Edewechter GRÜNE für sechsjährige Grundschule

Das Ende der Orientierungsstufe ist in Niedersachsen von der SPD-Landesregierung eingeläutet worden. Welche Schulform an ihre Stelle tritt, ist noch nicht entschieden. Die GRÜNEN setzen sich für eine möglichst lange gemeinsame Schulzeit ein. Aus unserer Sicht gibt es gute Gründe, eine sechsjährige einzurichten.

Europaweit liegt die gemeinsame grundlegende Bildung für alle Kinder bei mindestens sechs Schuljahren. Die derzeit geplante Anbindung der 5. und 6. Klassen an die weiterführenden Schulen bedeutet, dass die gemeinsame Schulzeit von sechs auf vier Jahre verkürzt wird. Es ist nichts Neues, dass die CDU dies will. Es ist allerdings unverständlich, dass die SPD ein rückschrittliches Organisationsmodell favorisiert und erfolgreiche Modelle aus dem Inland (sechsjährige GS in Berlin und Brandenburg) und dem Ausland nicht in Betracht zieht. Die Grundschule muss heute eine Vielfalt von gesellschaftlichen Aufträgen erfüllen. Neben den traditionellen Aufgaben, das Lesen, Schreiben und Rechnen zu vermitteln, stehen vielfältige Arbeitsfelder: Soziale Erziehung, Umwelterziehung, Medienpädagogik (z.B. Internet), Integration von ausländischen Kindern. Für die Erfüllung dieser vielfältigen Anforderungen brauchen die Kinder die nötige Zeit – sowohl an jedem Schultag als auch in der längeren gemeinsamen Grundschulzeit.

Viele Grundschulen haben sich auf den Weg gemacht und ihren Unterricht verändert. Sie gestalten den Schulvormittag anders, haben die Halbtagsgrundschule eingeführt, unterrichten behinderte und nichtbehinderte Kinder gemeinsam. Diese erfolgreiche Arbeit kann in einer sechsjährigen Grundschule fortgeführt werden.
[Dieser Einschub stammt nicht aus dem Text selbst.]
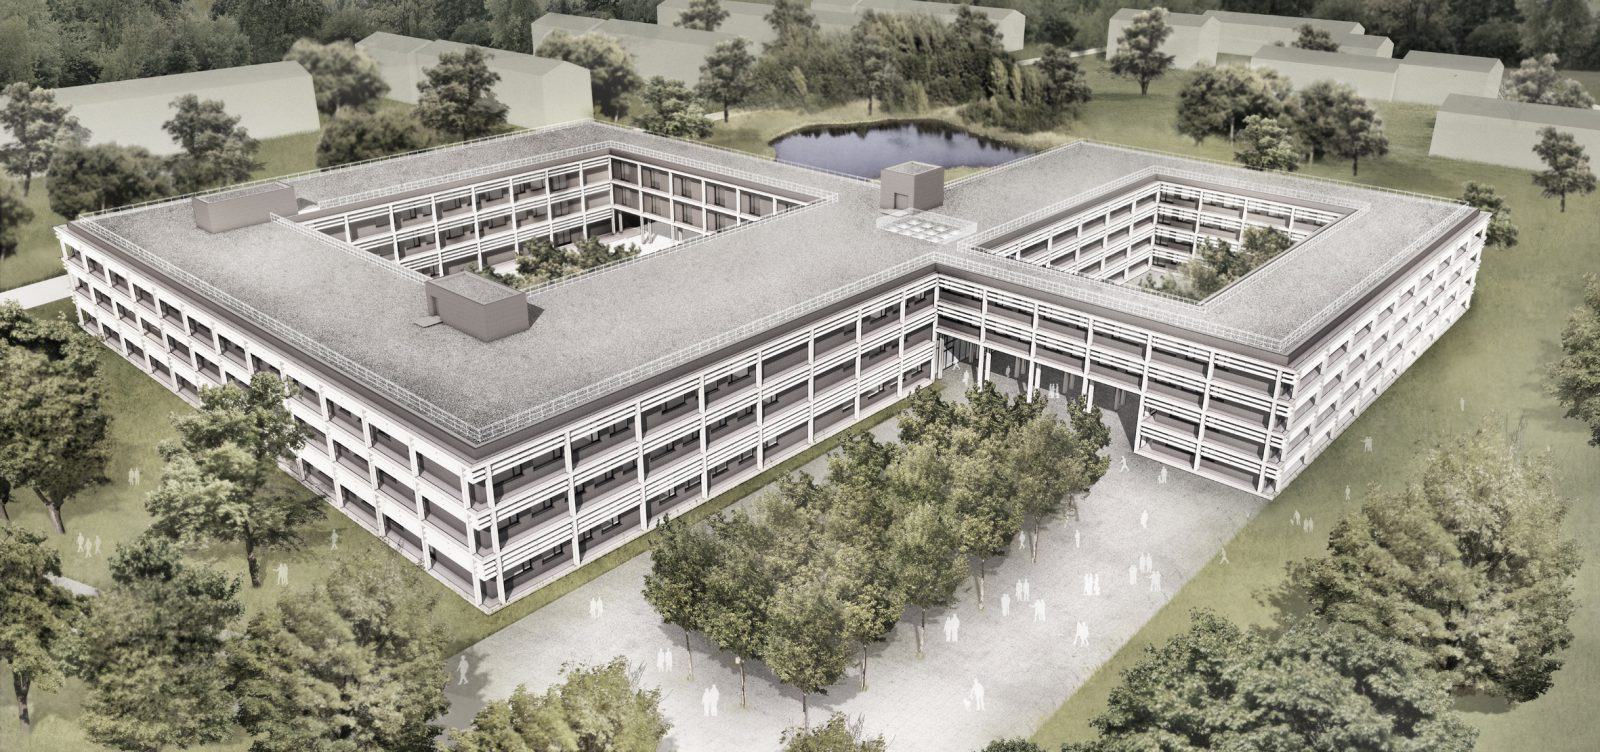 Neubau Lehrsaal- und Funktionsgebäude, Führungsunterstützungsschule der Bundeswehr, General-Fellgiebelkaserne, Pöcking

Untersuchungen belegen, dass die Prognosesicherheit für die weiteren Schulen nach sechs gemeinsamen Schuljahren deutlich höher ist im Vergleich zu einer nur vierjährigen Schulzeit. Gerade in einer sechsjährigen gemeinsamen Schulzeit können nicht nur integrative, sondern auch reformpädagogische Modelle (z.B. jahrgangsübergreifendes Lernen, wie es in vielen niederländischen Grundschulen seit Jahren praktiziert wird) erfolgreich umgesetzt werden.